Get More Clout
Before there was “The Power of Positive Thinking” and “The 7 Habits of Highly Effective People,” there was Dale Carnegie’s “How to Win Friends and Influence People,” arguably one of the first self-help bestsellers in history. Since Carnegie first penned this guide in 1936, more than 15 million copies have been sold.
What makes this book endure? At its core, the book teaches readers how to gain influence and power over others, not by force but with kinder, gentler means. Simply put, to change others’ behavior, you have to first alter your own. These days, we have social scientific research to back up a lot of Carnegie’s claims. Here are some that have stood the test of time, plus what new research has shown us.
Think you can win friends with your gift of gab? Think again, says Columbia University research published in the Journal of Research in Personality. When subjects were asked to rate former work colleagues, scientists found those with the most influence were the best listeners not talkers. “Many academic and popular accounts stress that those capable of effective expression — speaking up and holding forth — often garner influence,” say the study authors. But research suggests otherwise: “Those who listen well may reap both informational and relational benefits that make them more influential.” The reason?

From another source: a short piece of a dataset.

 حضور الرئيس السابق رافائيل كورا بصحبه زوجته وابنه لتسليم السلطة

Hearing what colleagues have to say fosters two key elements for gaining influence: forming trust and learning new information.

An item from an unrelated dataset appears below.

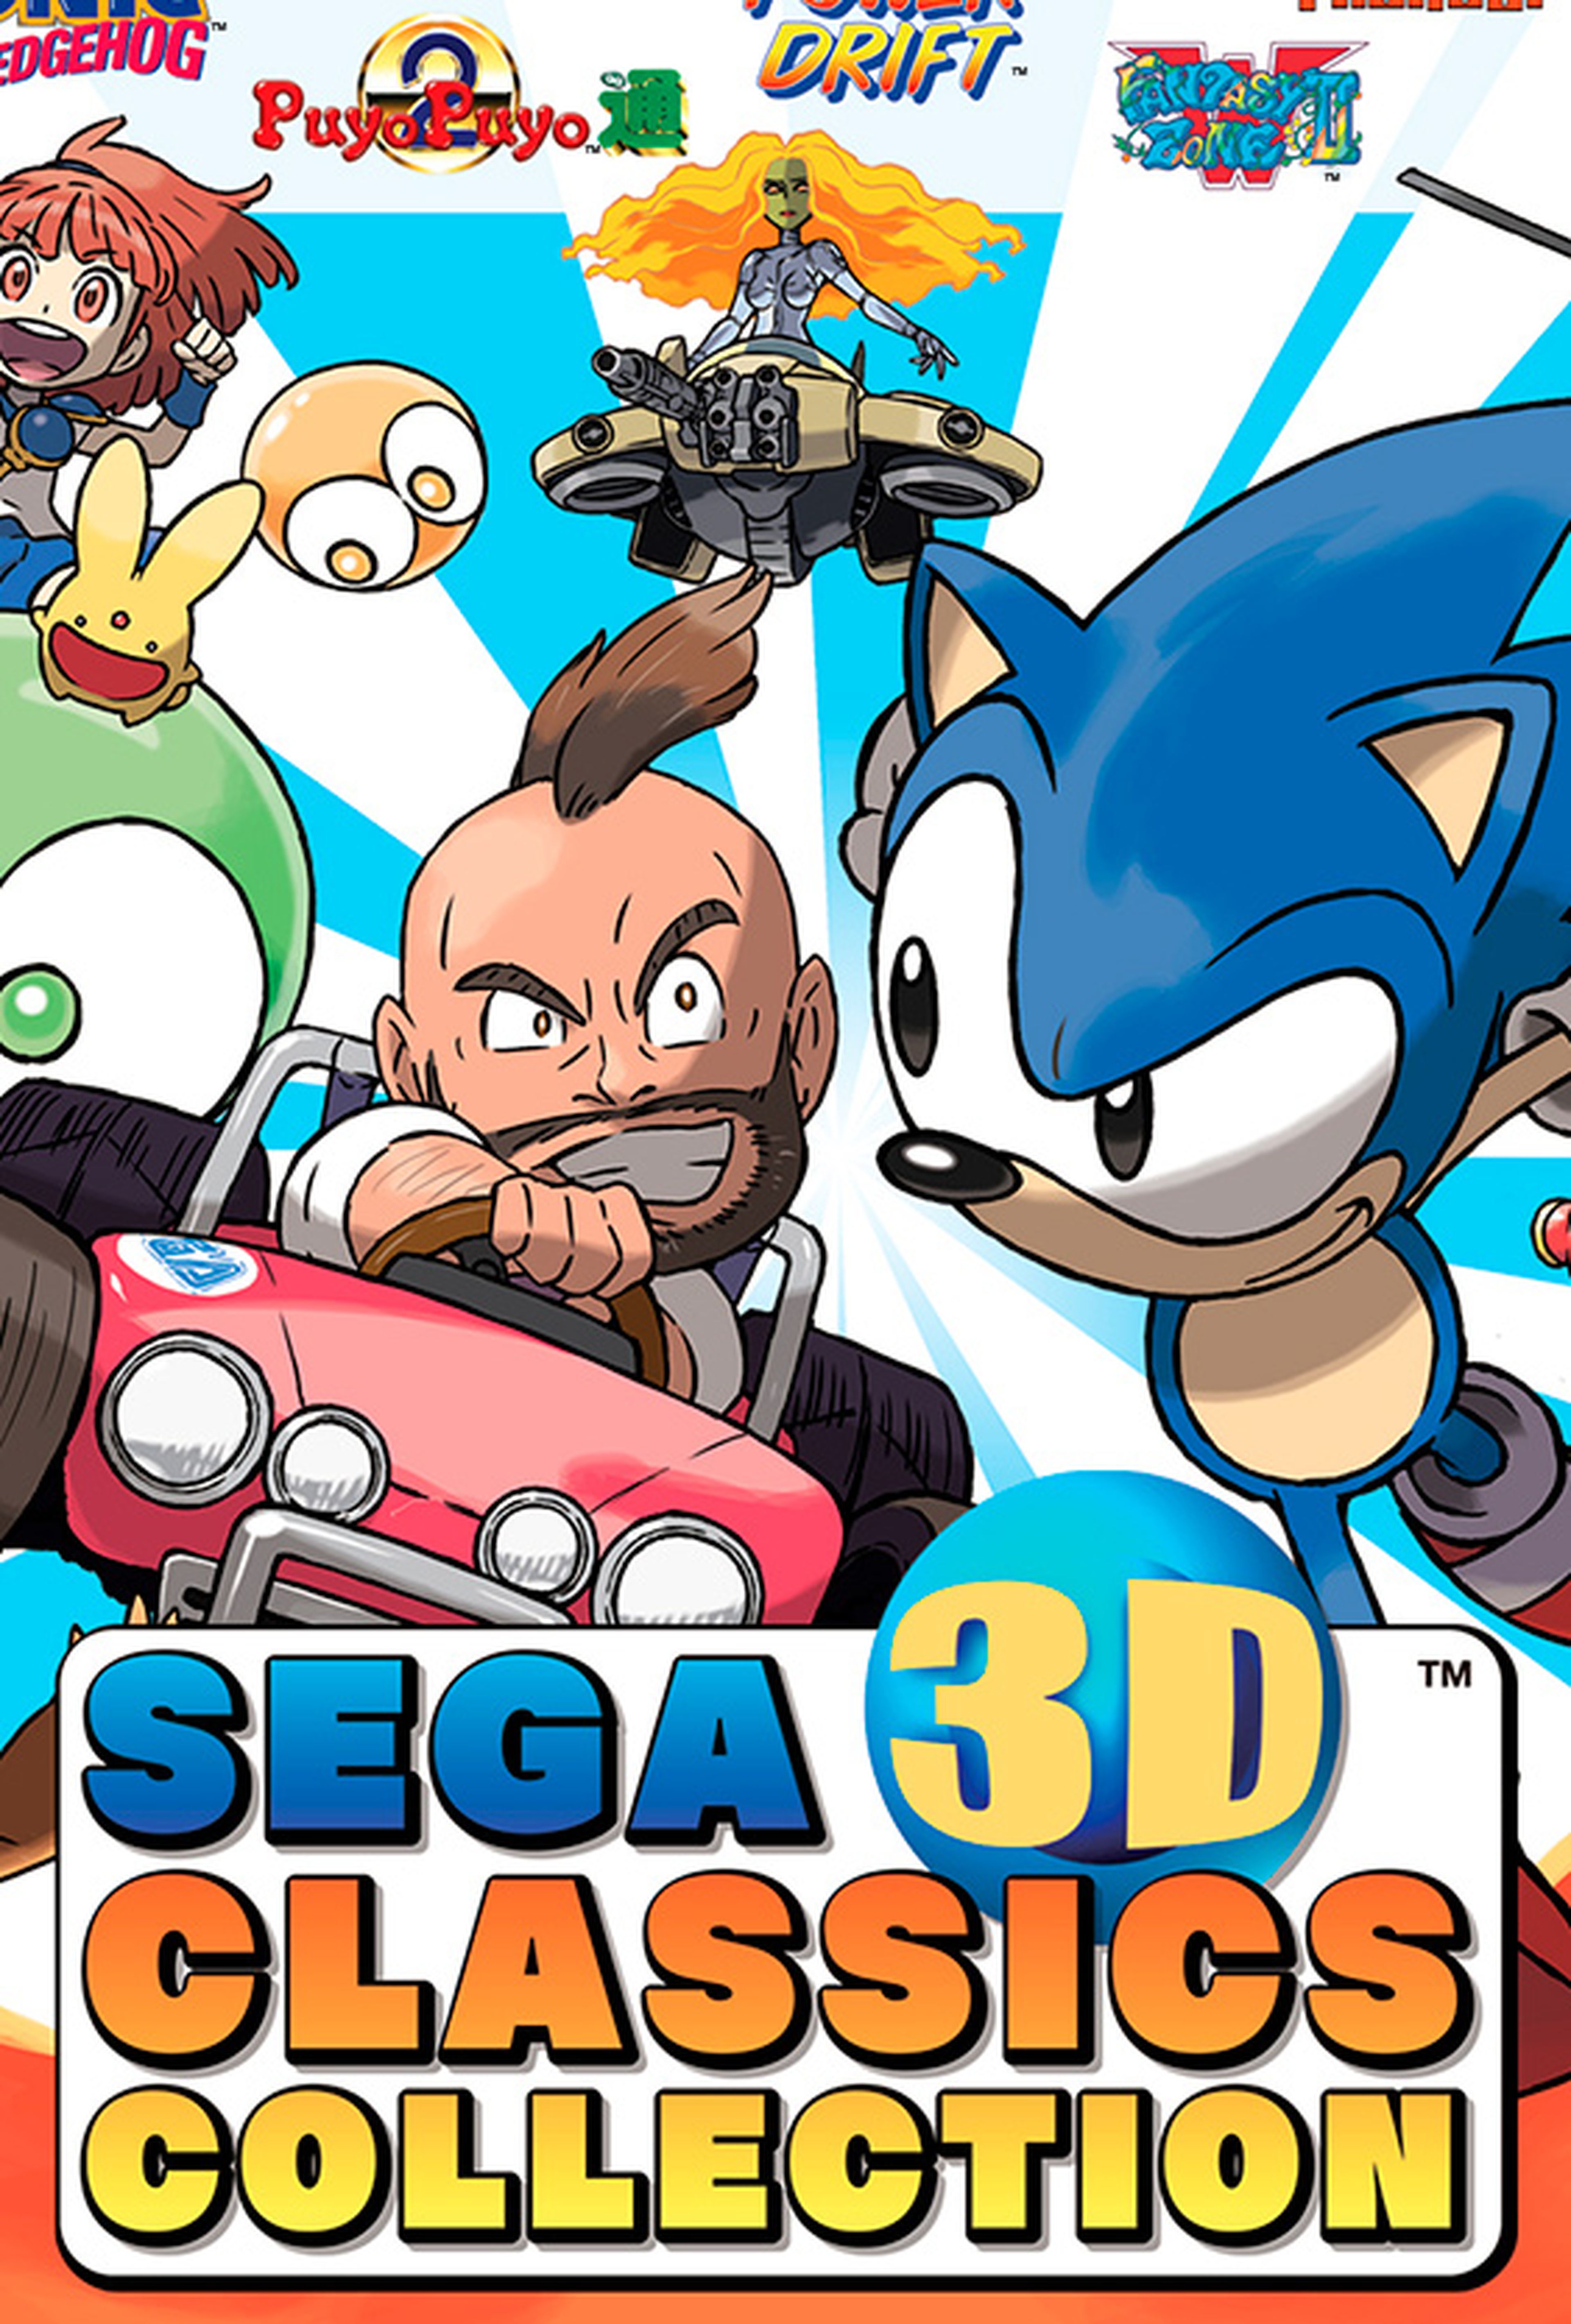 SEGA 3D Classics Collection - Carátula

Forget Stats, Get Personal
Numbers may not lie, but it looks like they may not have the same powerful effect as personal stories, according to University of Pennsylvania’s Wharton School of Business research. Trying to get others behind you on a particular cause or agenda? Appeal to their emotions, and skip the stone-cold facts even when they’re irrefutable. When the study authors evaluated subjects’ reactions to a charitable cause, grim stats still didn’t move them to action as much as personal stories that tugged at their heartstrings.
Start Saying “Yeah” More
When MIT researchers studied the art of the successful business meeting, they found it possible to predict if a proposal would be accepted or rejected — just by the kinds of persuasive words used by the speaker. Two of most powerful words for the boardroom: “yeah” and “start.”
It appears when you begin a response with the positive word, “yeah,” you’re “framing a suggestion as an agreement with a previous suggestion,” say the authors. Apparently, when your idea “comes across as if it were in line with the previous thoughts by others, the suggestion has a higher chance of being accepted.” In a similar fashion, begin with the word “start” when giving a command. The MIT researchers found meeting attendees complied more readily when this kinder, gentler version of “do this!” was used.
Smile Genuinely (and Don’t Keep Eye Contact for Too Long)
To just “grin and bear it” may not do you any good when you’re trying to gain influence. People can usually tell you’re faking it, say researchers. Drum up a real smile, dubbed a “Duchenne smile” for the 19th century French neurologist who first formally documented the physical attributes of a genuine smile (that is, your cheeks rise and you create crinkles or crow's’ feet around your eyes), and you can actually persuade people you’re authentic and trustworthy.
Even when you’re good at showcasing your Duchenne, be sure you don’t hold the gaze of the listener for too long or you’ll undermine your persuasion, found research published in the journal of Psychological Science. A new study suggests that eye contact may actually make people more resistant to you, especially if they’re inclined to disagree with you in the first place. Looking into someone’s eyes can also be perceived as an attempt to “stare down” or exert dominance, a real no-no in the Carnegie school of influence. Looking at the other person’s mouth can help take the edge off in a potentially heated conversation.
Don’t Avoid Apologizing
Saying you’re sorry doesn’t undermine your influence (as long as you use it sparingly, and when you’ve genuinely done something you know you shouldn’t have). Rather, it can strengthen your appeal to those around you, say scientists. In one Harvard Business School study, researchers discovered apologies can build trust in those around you by demonstrating “empathetic concern.” In another study on the effectiveness of apologies by managers, Israeli study authors concluded similarly that apologizing is more effective than not. In fact, “the less expected they are, the greater their effectiveness.”
Give Lots (and Lots) of Praise
Don’t skimp on the compliments, even when you actually want to improve the performance of those around you, found Japanese researchers. When study subjects were praised for their sequential finger-tapping ability, their actual fine motor skills improved after a mere 24 hours (a time gap chosen so they wouldn’t have time to practice) — thanks to the compliments they received. “These results are the first to indicate praise-related improvements in motor skill memory are not due to a feedback-incentive mechanism, but instead involve direct effects on [improving motor skills],” say the authors.
How can we apply this on the job? Praise the new assistant who got through her first week without (too many) glitches. It will set the tone for her to put her all into a workplace that appreciates her skills.